Materials and Methods

Location and Study Period

The study was conducted at the Horticulture Farm of Bangladesh Agricultural Research Institute (BARI) in Joydebpur, Gazipur, from October 2016 to March 2017. It aimed to evaluate the effects of gibberellic acid (GA₃) and naphthalene acetic acid (NAA) on the growth and yield of cabbage (Brassica oleracea var. capitata).

Soil and Climatic Conditions

The experimental field had sandy clay loam soil with a pH of approximately 6.0, belonging to the Chita soil series (AEZ-28). The climate was subtropical, with heavy rainfall between May and September, followed by a dry period for the rest of the year.

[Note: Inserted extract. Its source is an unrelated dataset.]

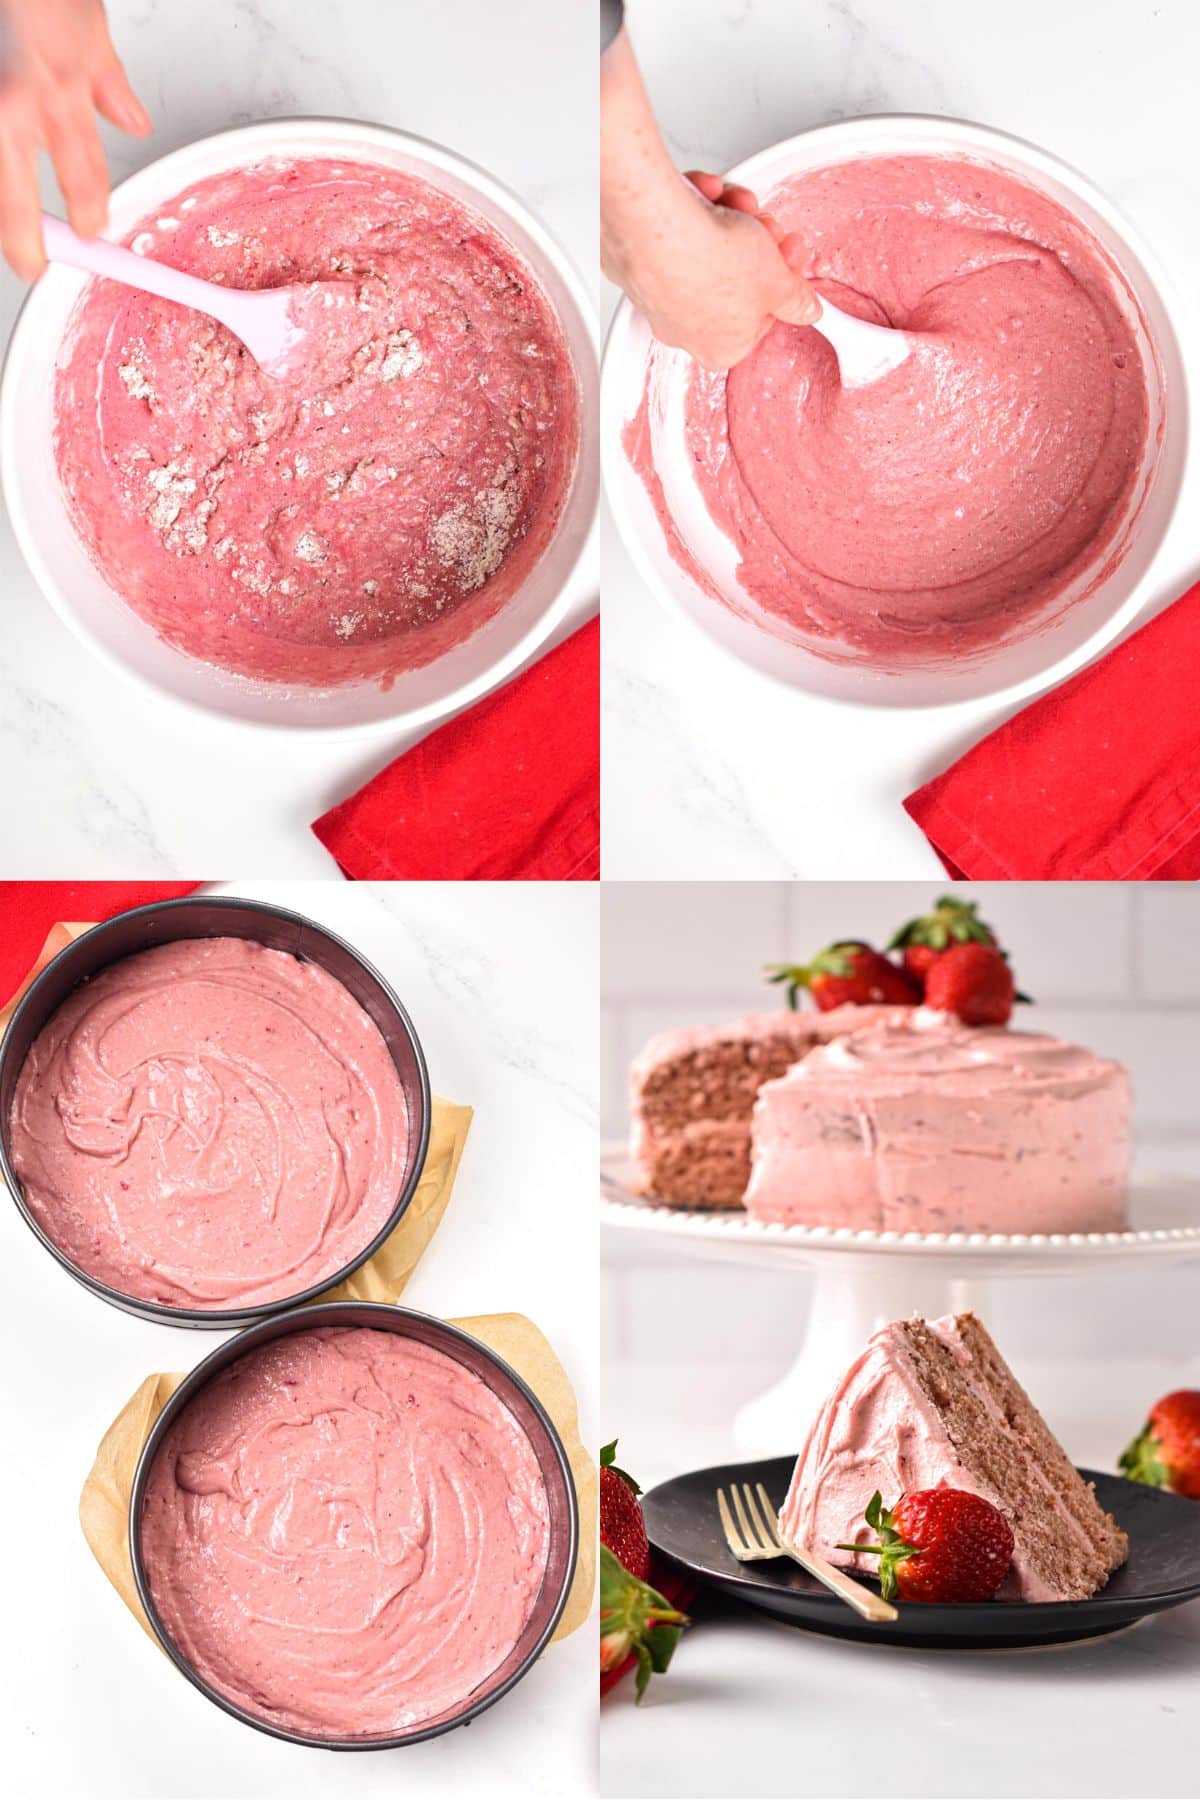 How to make Vegan Strawberry Cake

Planting Material and Treatments

The test variety used was ‘Atlas-70’ cabbage, sourced from Siddik Bazaar, Gulistan, Dhaka. The experiment included eight treatments:

• T0: Control (distilled water)
• T1: 50 ppm GA₃
• T2: 75 ppm GA₃
• T3: 100 ppm GA₃
• T4: 40 ppm NAA
• T5: 60 ppm NAA
• T6: 80 ppm NAA
• T7: 100 ppm NAA

Study Design and Field Layout

The experiment used a Randomized Complete Block Design (RCBD) with three replications. It involved 24 plots (1.8 m × 2 m) with 50 cm × 60 cm plant spacing. Blocks were separated by 0.75 m, and plots within blocks had 0.5 m spacing.

Land Preparation and Fertilizer Application

The field was plowed, exposed to sunlight for a week, and leveled. Cinocarb 3G insecticide (4 kg/ha) was applied to control soil-borne pests. Fertilizers were applied following Islam et al. (2004) recommendations:

• Cow dung: 10 t/ha (basal dose)
• Urea: 350 kg/ha (split into three applications at 10, 30, and 50 DAT)
• TSP: 250 kg/ha (basal dose)
• MoP: 300 kg/ha (one-third basal, remainder in three split doses)

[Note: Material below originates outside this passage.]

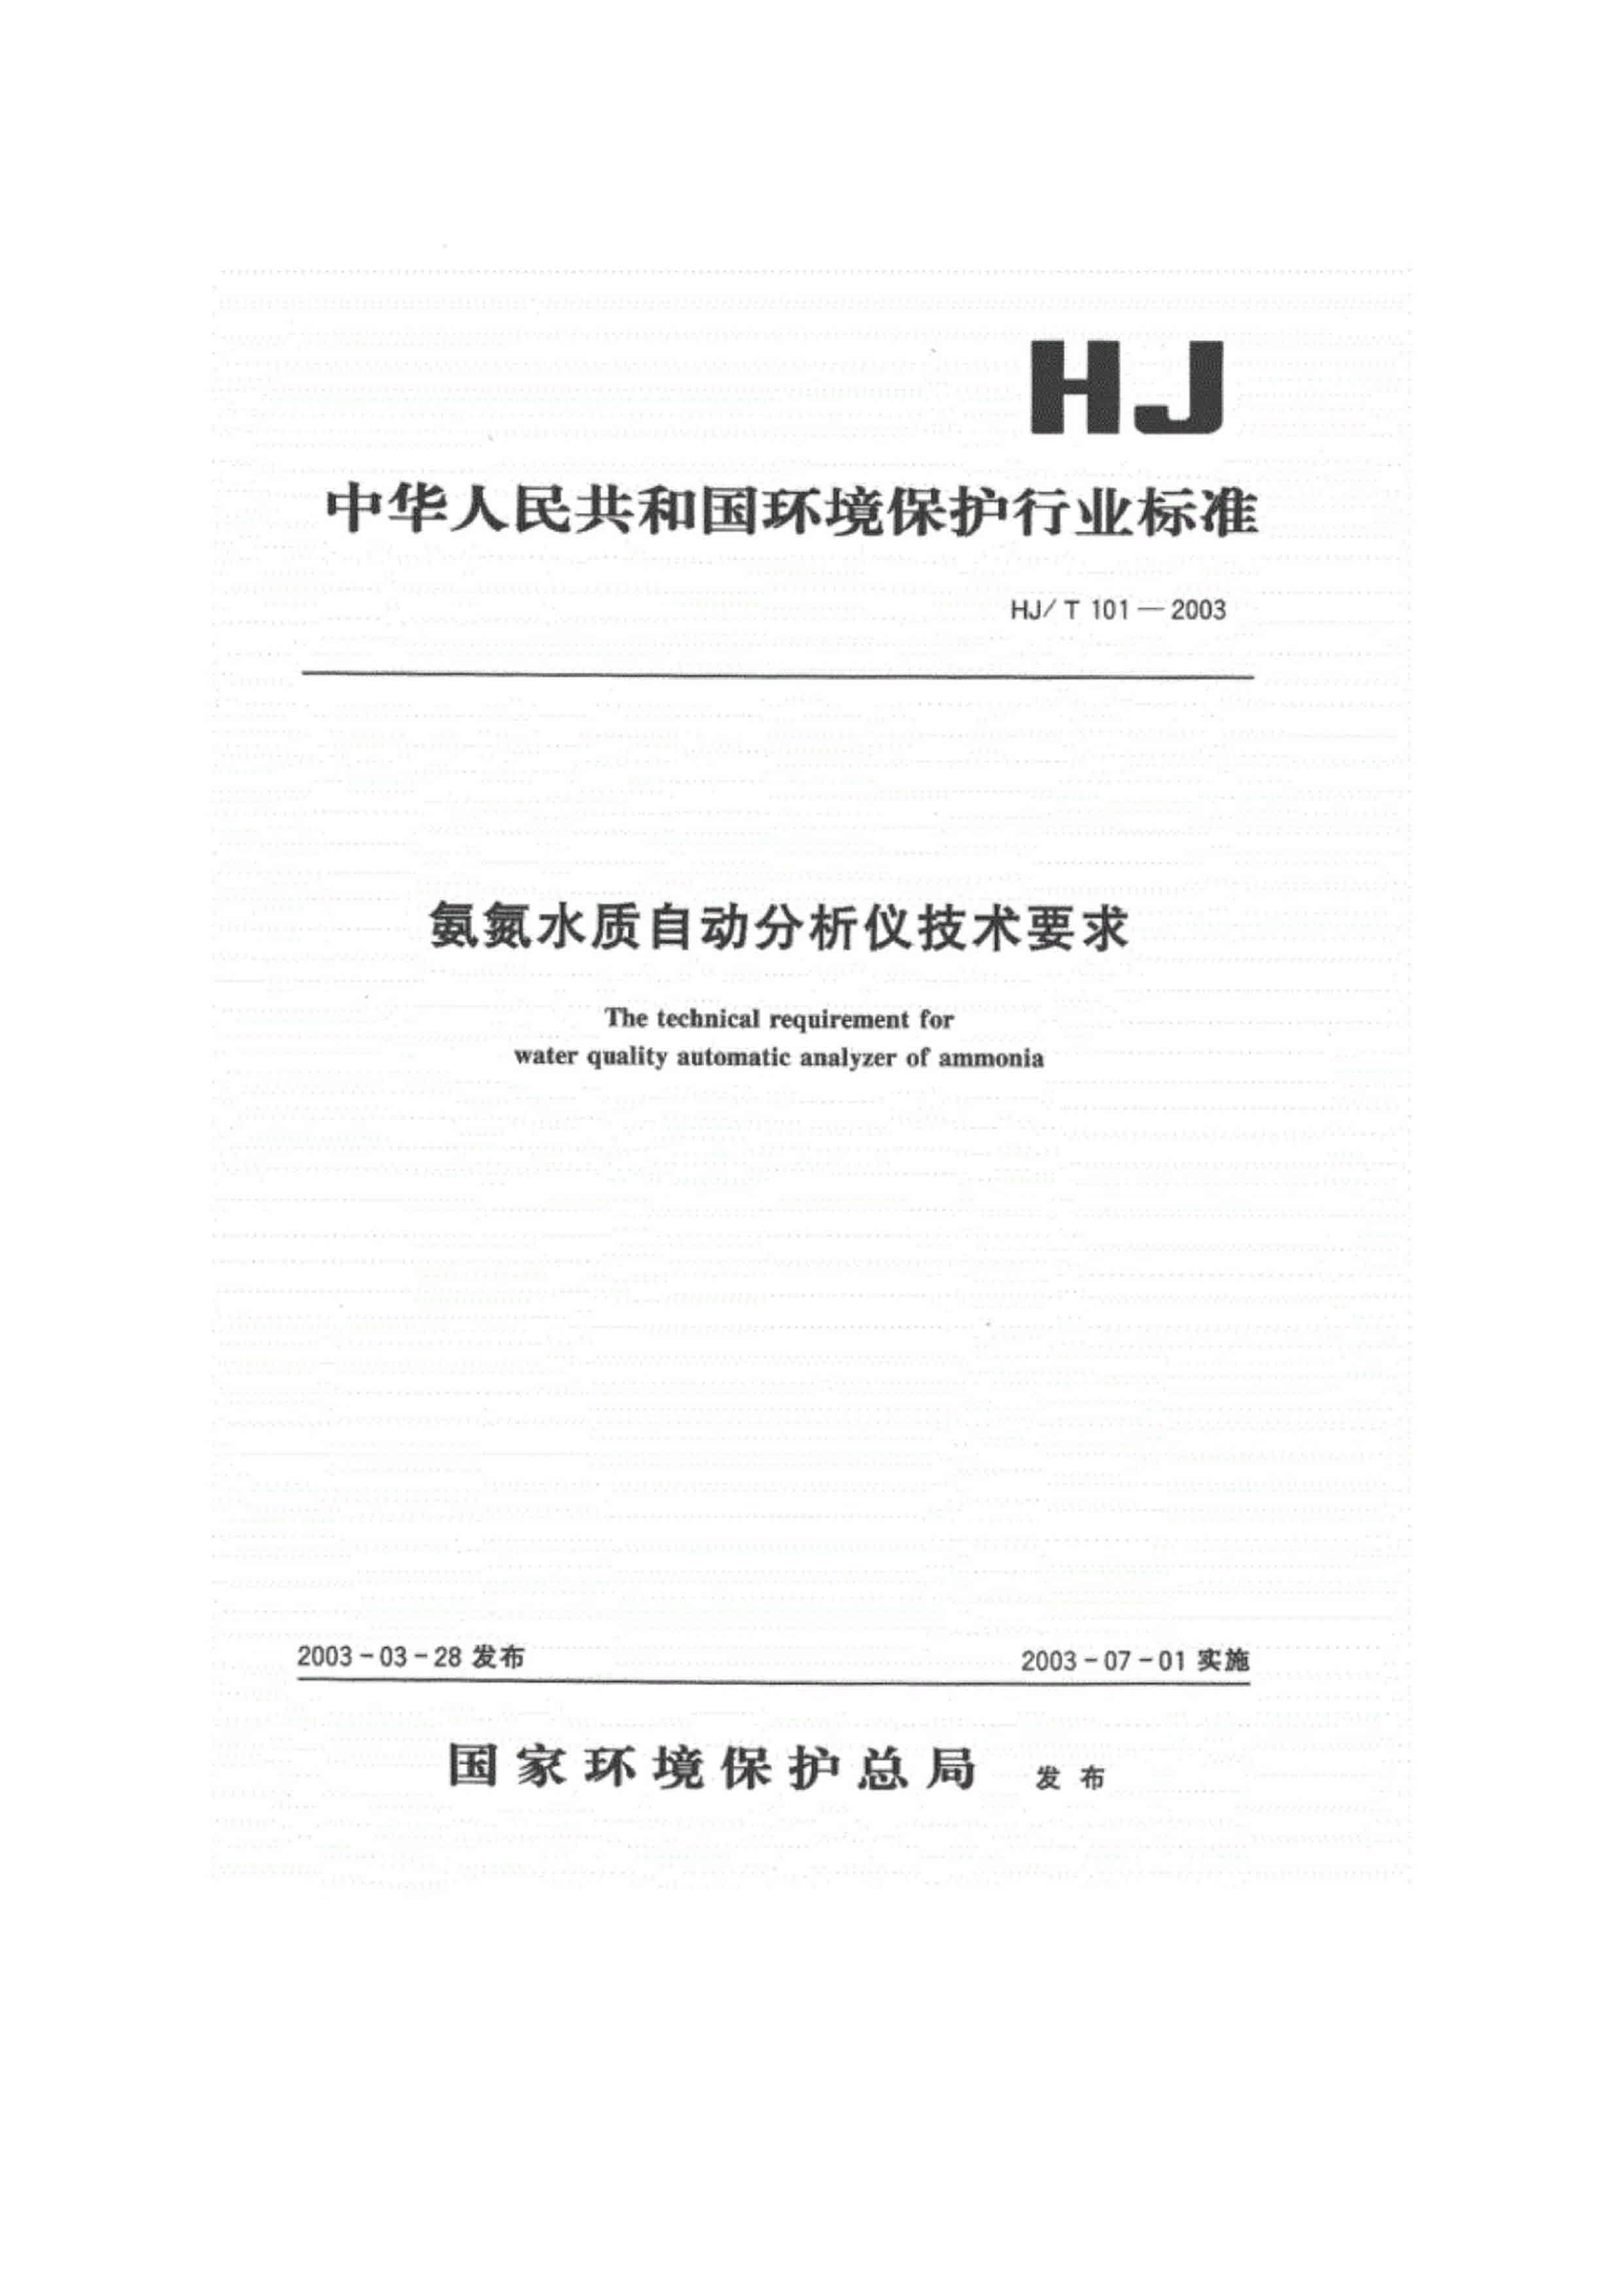 HJ-T101-2003 环境保护产品技术要求 氨氮水质自动分析仪技术要求 下载

Growth Regulator Preparation and Treatment Application

A 1000 ppm GA₃ stock solution was prepared, diluted to obtain 50 ppm, 75 ppm, and 100 ppm solutions, and applied using a mini hand sprayer at 30 and 45 days after transplanting. A similar method was followed for NAA solutions.

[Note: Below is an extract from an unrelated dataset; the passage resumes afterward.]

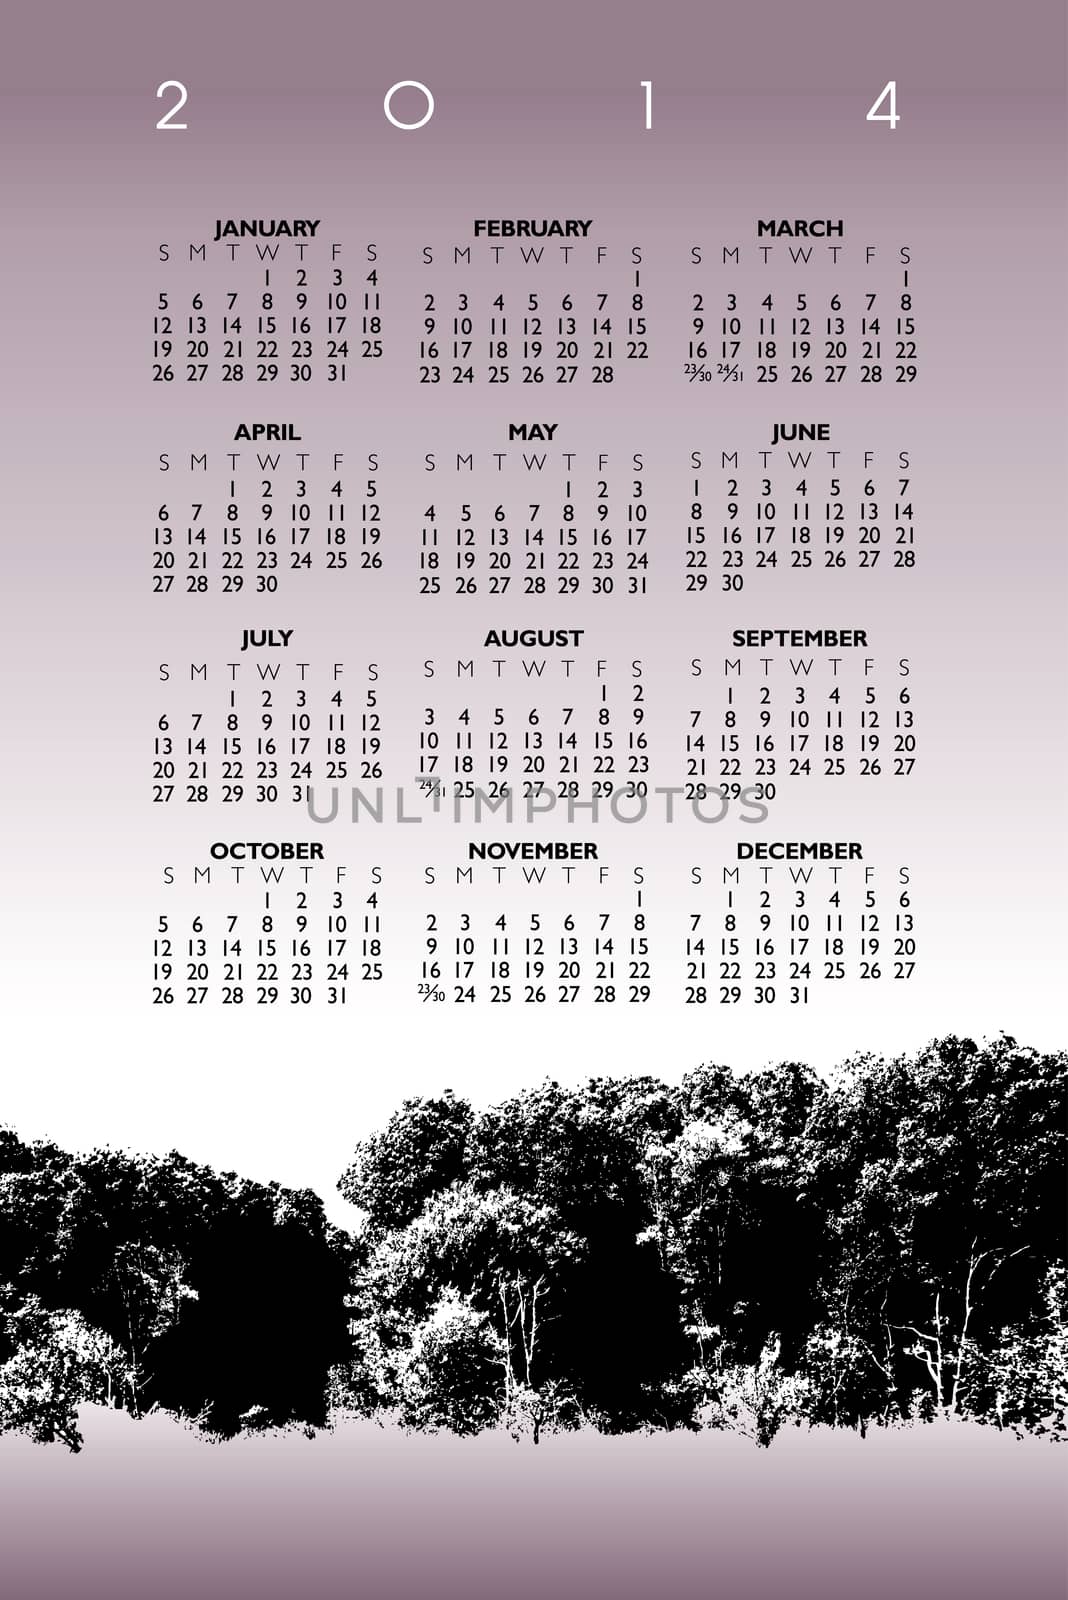 2014 Creative Apple Calendar for Print or Web

Seedling Raising and Transplanting

Cabbage seedlings were raised at Olericulture Division, HRC, BARI, Gazipur, on 3 m × 1 m seedbeds. Decomposed cow dung (5 t/ha), 200 g TSP, and 150 g MoP were applied. Seeds were sown on November 26, 2016, and transplanted at 27 days old (December 22, 2017).

Intercultural Operations

• Gap Filling: Damaged seedlings were replaced within 7 days of transplanting.
• _{Weeding: Performed at 15, 30, 45, and 60 DAT.}
• Earthing Up: Conducted at 20 and 60 DAT to enhance root support.
• Irrigation: Applied every 7 days; extra watering was provided in early growth stages.
• Pest and Disease Control: Darsban 29 EC (3%) was applied for cutworm control; Rovral (2 g/L water) was used against Alternaria leaf spot.
• Bird Control: Metallic containers were struck to deter nightingale birds from damaging cabbage heads.

Harvesting and Data Collection

Cabbage was harvested between February 28 and March 8, 2017, based on head compactness. Data were collected from five randomly selected plants per plot, while total yield was measured on a per-plot basis.

Recorded Parameters

• Plant height (cm),
• Number of leaves plant^-1(folded)
• Number of leaves plant^-1( unfolded)
• Total Number of leaves plant^-1
• Days to head formation & Days to head maturity
• Thickness of head and Diameter of head
• Head yield plot^-1 /Head yield /(t ha^-1) % yield increase over control

Data Processing and Analysis

Data were analyzed using ANOVA in Statistics 10.0, and mean comparisons were conducted using Duncan’s Multiple Range Test (DMRT) at a 5% significance level.

Result and Discussion

Plant height

The application of GA₃ and NAA has been shown ( Fig 1) to significantly influence plant height in cabbage cultivation. In a study evaluating various concentrations of these plant growth regulators, the tallest plants were observed by applying of 75 ppm GA₃, reaching a height of 23.00 cm. This was statistically comparable to treatments with 50 ppm GA₃, 100 ppm GA₃, and 60 ppm NAA. In contrast, the shortest plants, measuring 17.25 cm, were recorded in the control group, which did not receive any growth regulator. The increase in plant height resulting from GA₃ and NAA treatments can be attributed to their roles in modulating physiological processes such as cell elongation and division, thereby promoting enhanced vegetative growth. GA₃, in particular, stimulates these processes in the sub-apical meristem [12]. Similarly, research on flowering Chinese cabbage demonstrated that exogenous application of GA₃ upregulated the expression of SOC1 genes, which are associated with bolting and stem elongation, contributing to increased plant height [13].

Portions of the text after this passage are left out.